Hockey Holidays Read online



  “I’m fine. The guy embellished,” Alex muttered, taking a seat in the sin bin, tapping his leg in frustration. Cheesy wasn’t wrong. Alex had been distracted all night. He refused to look up at his suite to see if she was watching, and then he felt like an asshole for not looking up to see the kids.

  He’d never lost his focus like this before, and he’d be damned if he was going to let Maggie get to him. He’d get his answers from her, but for now, he had a game to win. He concentrated on his teammates. Anaheim fired the puck on Gally, but the Strikers’ goalie dropped to his knees and covered it.

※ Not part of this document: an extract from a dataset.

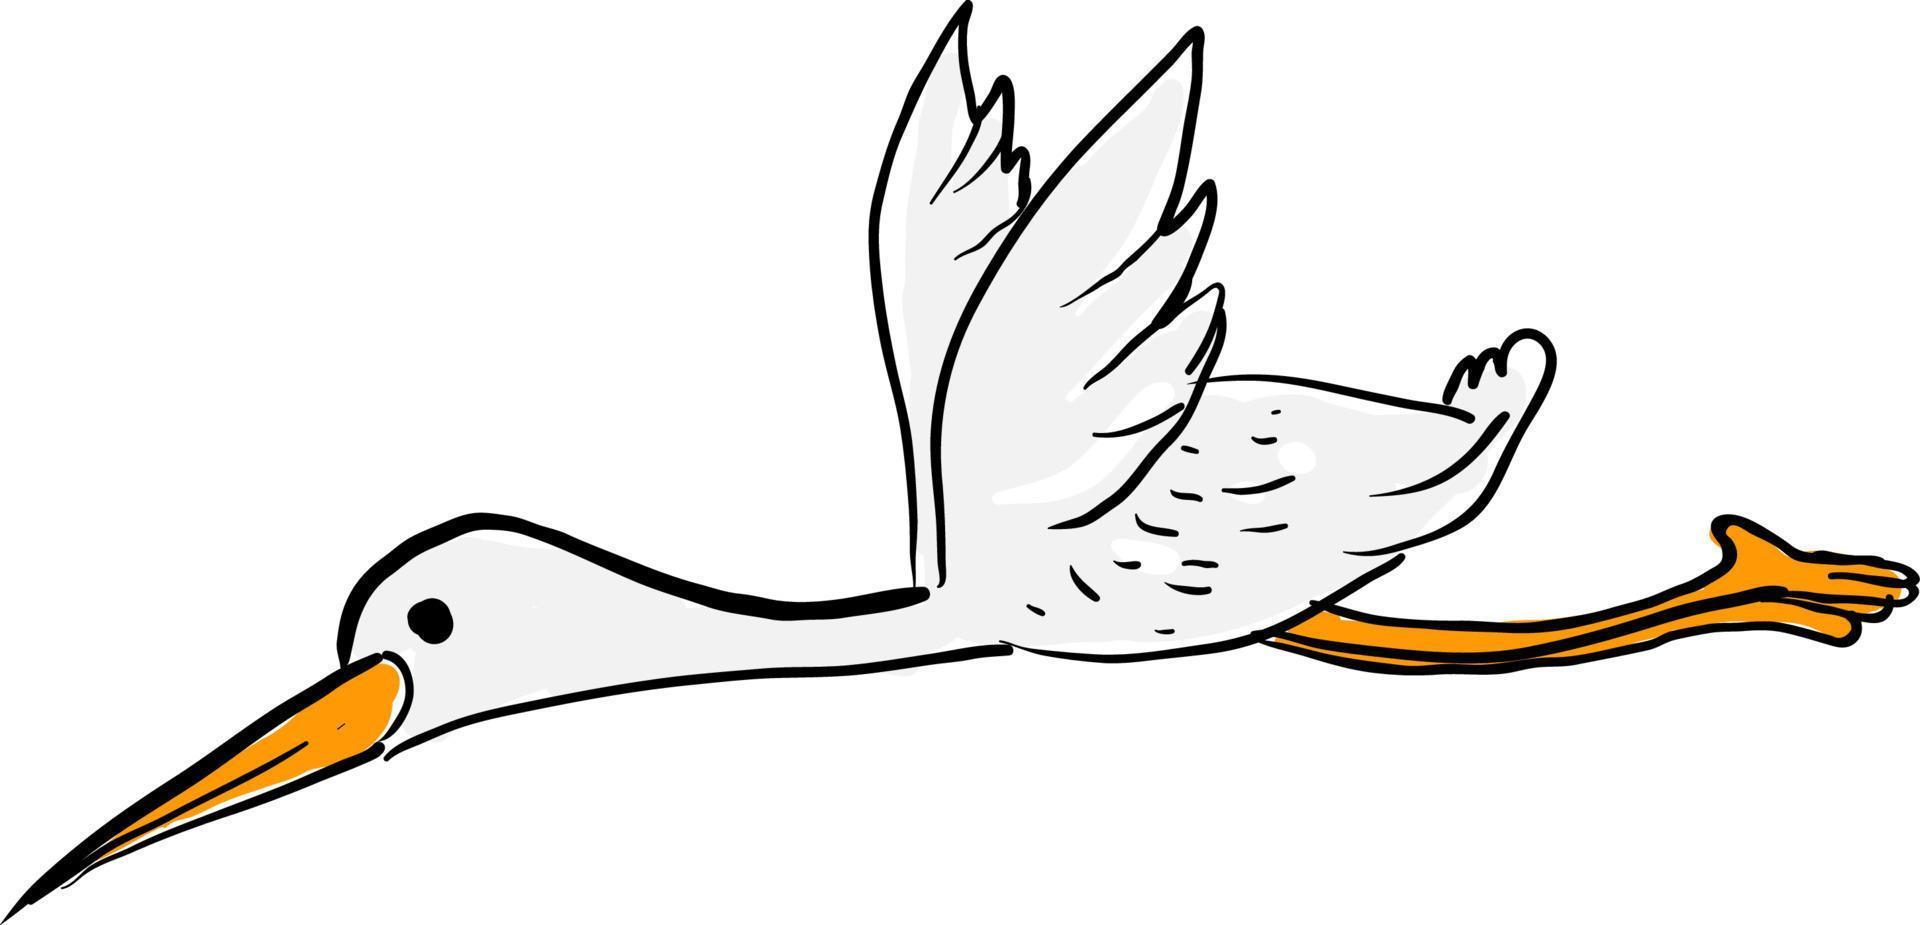 Flying stork, illustration, vector on white background.

  Alex hated being the cause for his team to be a man down. He glanced at the clock. Thirty seconds left. He took a sip of water and stood up, his stick ready, and waited for Gally to hit his stick on the ice, signaling a few seconds left in the penalty before he could go back on the ice.

  The penalty box door opened, and Alex darted onto the ice, catching Sully’s slight head tilt right before he passed the puck. It hit the center of Alex’s stick and Alex was off. Within seconds, he sent the rubber disk flying over the blocker-side shoulder of Anaheim’s goalie.

  The goal buzzer blared through the arena and his teammates came crashing into him.

  He looked up at his box. The kids were cheering and jumping up and down. He gave them a salute, loving how excited they were to come to the games. That’s why he’d created the Warriors. Every kid in that suite had gone through more than he could imagine, and if he could give them a reason to smile or not think about what they were going through for one minute, he would do whatever he could.

  Before he turned back to his teammates, he spotted Maggie clapping in the corner. He hoped her smile was wide, like that smile she always used to give him when she watched him play.

  Yes, he definitely had questions for her and he wasn’t going to let her avoid him again.

  Maggie finished her first rotation Wednesday morning and stopped off at the nurses’ station.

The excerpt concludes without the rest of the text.